Ever since, Grog, invented the first boom boom stick—suitable for clubbing T-Rex over the head with—we people have always been interested in future advancement.
Despite Grog’s miscalculation on the height differential—resulting in death (and messy) demise of Grog the first, by said T-Rex—his people have pressed forward in an attempt to push the boundaries of scientific advancement.
For instance, they came up with the ever practical new Rubik’s Cube MP3 Player. So portable, it fits right into your fanny pack. Well, not QUITE INTO YOUR FANNY PACK, but with a little assistance from a crowbar and a barrage of profanity, you might be able to fit the cube in… BUTT barely..

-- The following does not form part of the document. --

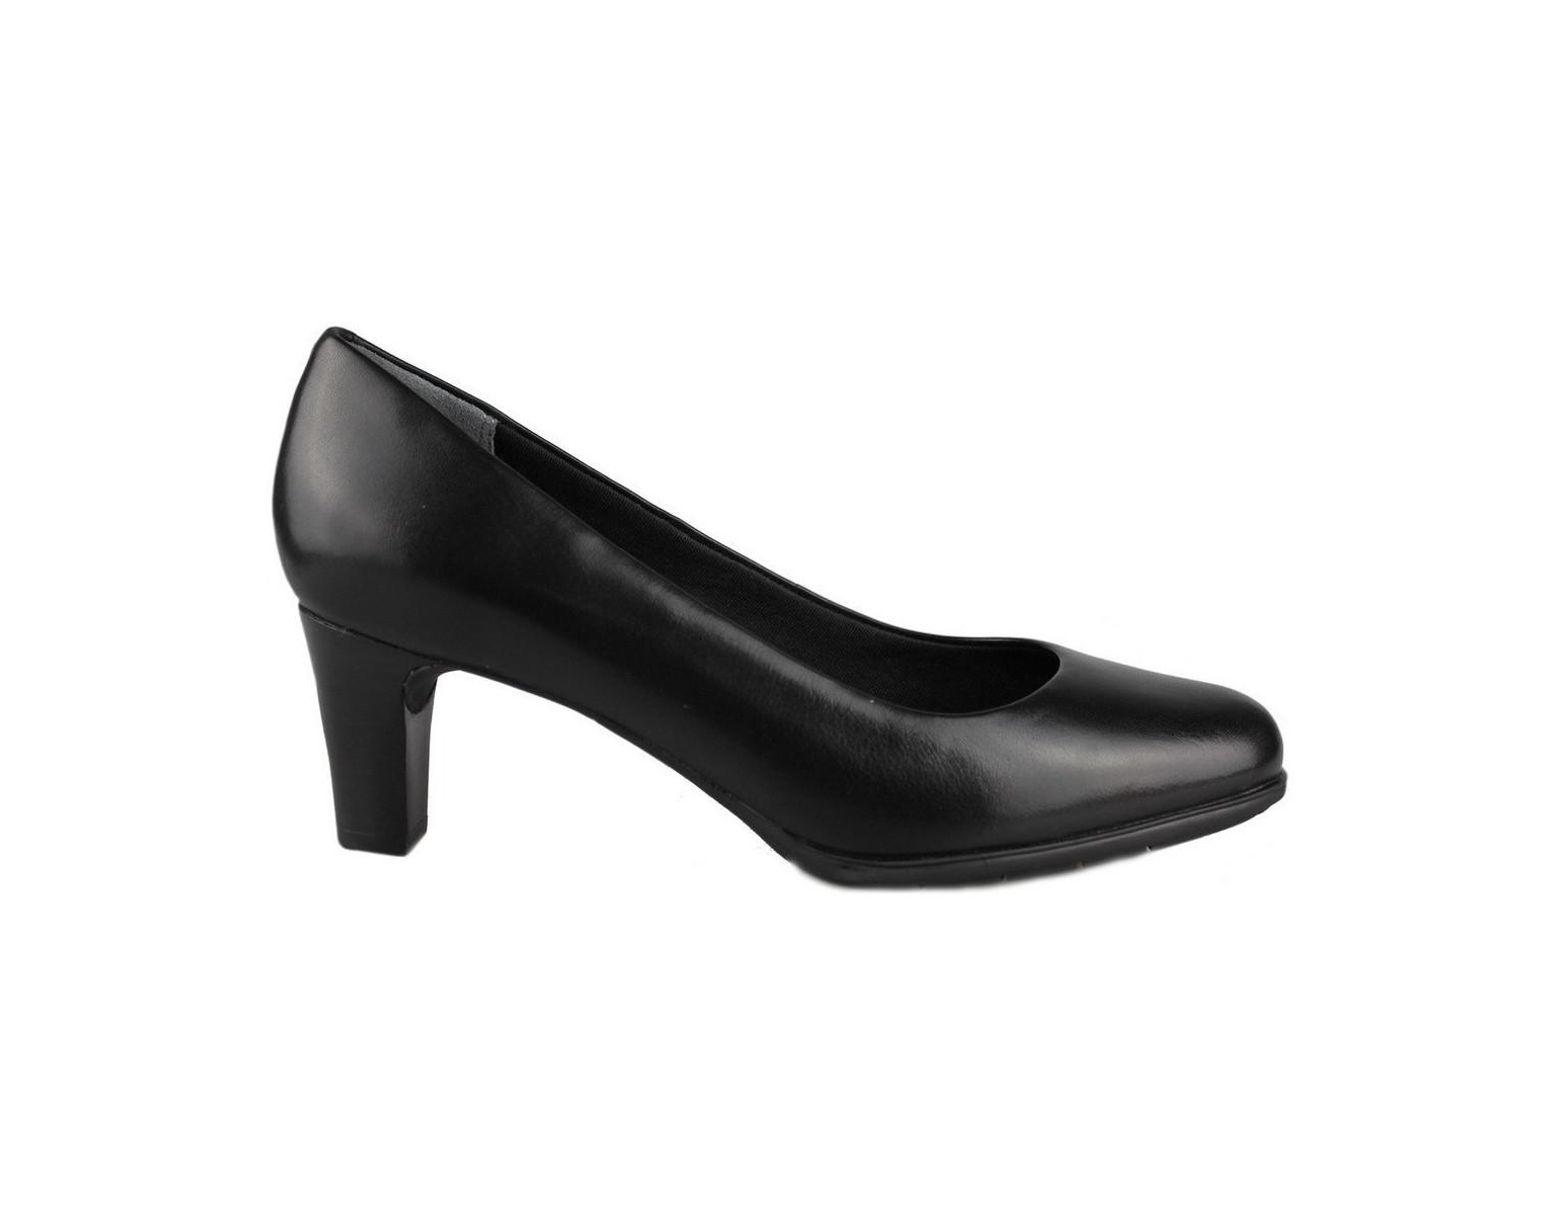 827711d58b0 Ally Plain Pump W Women's Court Shoes In Black

Yet, not content with creating space for a Rubik’s Cube MP3 Player that fits into your fanny pack like a lump of cube, Grog’s ancestors had also wanted to explore space of another kind. O-U-T-E-R S-P-A-C-E (echo, echo, echo)!
You see, Grog—and his offspring—have always had this thing about going to the moon. This makes perfect sense when you consider how, after they made a mess of the air and oceans down here on earth, the next logical step would naturally be…going to the moon.
Now initially, Grog thought that catapults could do the trick. That was of course, before Grog went up and did a splash down in the middle of the ocean. There, waiting patiently, but ravenously to perform the recovery part of the mission, was a Mosasaurus—like the one seen here in Jurassic World. (Burp!)
Undeterred though—despite finding what was left of Grog and his loincloth washing up on shore—his offspring never gave up hope of polluting our moon too.
So competing—as ancestors are apt to do—Astronaut Grog’s ancestors hatched a plan to make Cosmonaut Grog’s family jealous of this possible super achievement. This they did, when they discovered that, Cosmonaut Grog, might actually make it to the moon before, Astronaut Grog.
Astronaut Grog, realizing that a trip to the moon would involve getting through the Van Allen radiation belts—which hang in a low orbit around the earth (a problem which NASA’s Orion mission Grog’s, are JUST NOW ADDRESSING here in 2015) for deep space exploration—decided to hire a mega Hollywood producer Grog, to stage a fake moon landing.
Surprisingly, this subterfuge actually worked!
It so fooled Cosmonaut Grog and his fellow comrades enough, that they felt defeated. This left them wanting to climb into a giant bottle of Vodka and forget about the moon—yet another seemingly impossible Grog task, albeit, an intoxicating one. However, they settled on building a space station instead.
Now, this space station would be designed to harmlessly float underneath the Van Allen radiation belts—something scientifically possible—and could then be realistically reached by a space shuttle.
But when Cosmonaut Grog—who had since reverted back to a neanderthal Grog, but now calling himself, Putin the Grog (all the while not wearing a shirt at every possible moment…especially when wrestling Saber-toothed Tigers) heard about a Astronaut named, Damon the Grog, landing on the planet Mars, well all hell broke loose. Now Astronaut, Damon the Grog was telling his story in a major motion picture called, “The Martian” and that was the last straw for Putin the Grog!
Now Putin the Grog was wanting to know how NASA Grog’s, could have possibly erased the actual footage of the supposed moon-landing? I mean, come on… it’s the ultimate technological achievement for Grog’s the world over!
This forced NASA’s Grog’s to undertake and oversee a project to digitize old grainy footage of the first moon landing. Grog’s the world over now wanted to know what’s next—erasing “The Martian” so that NASA’s Grog’s could get into digitizing Hollywood films?
What are these NASA Grog’s really trying to hide? Another Grog encounter, but this time with a possible Moonasaurus, or maybe even a Martianasaurus—OR BOTH?
Why, all this Grog vs Grog dealing and double-dealing is enough to make any average Grog, want to go and drink a keg of Grog!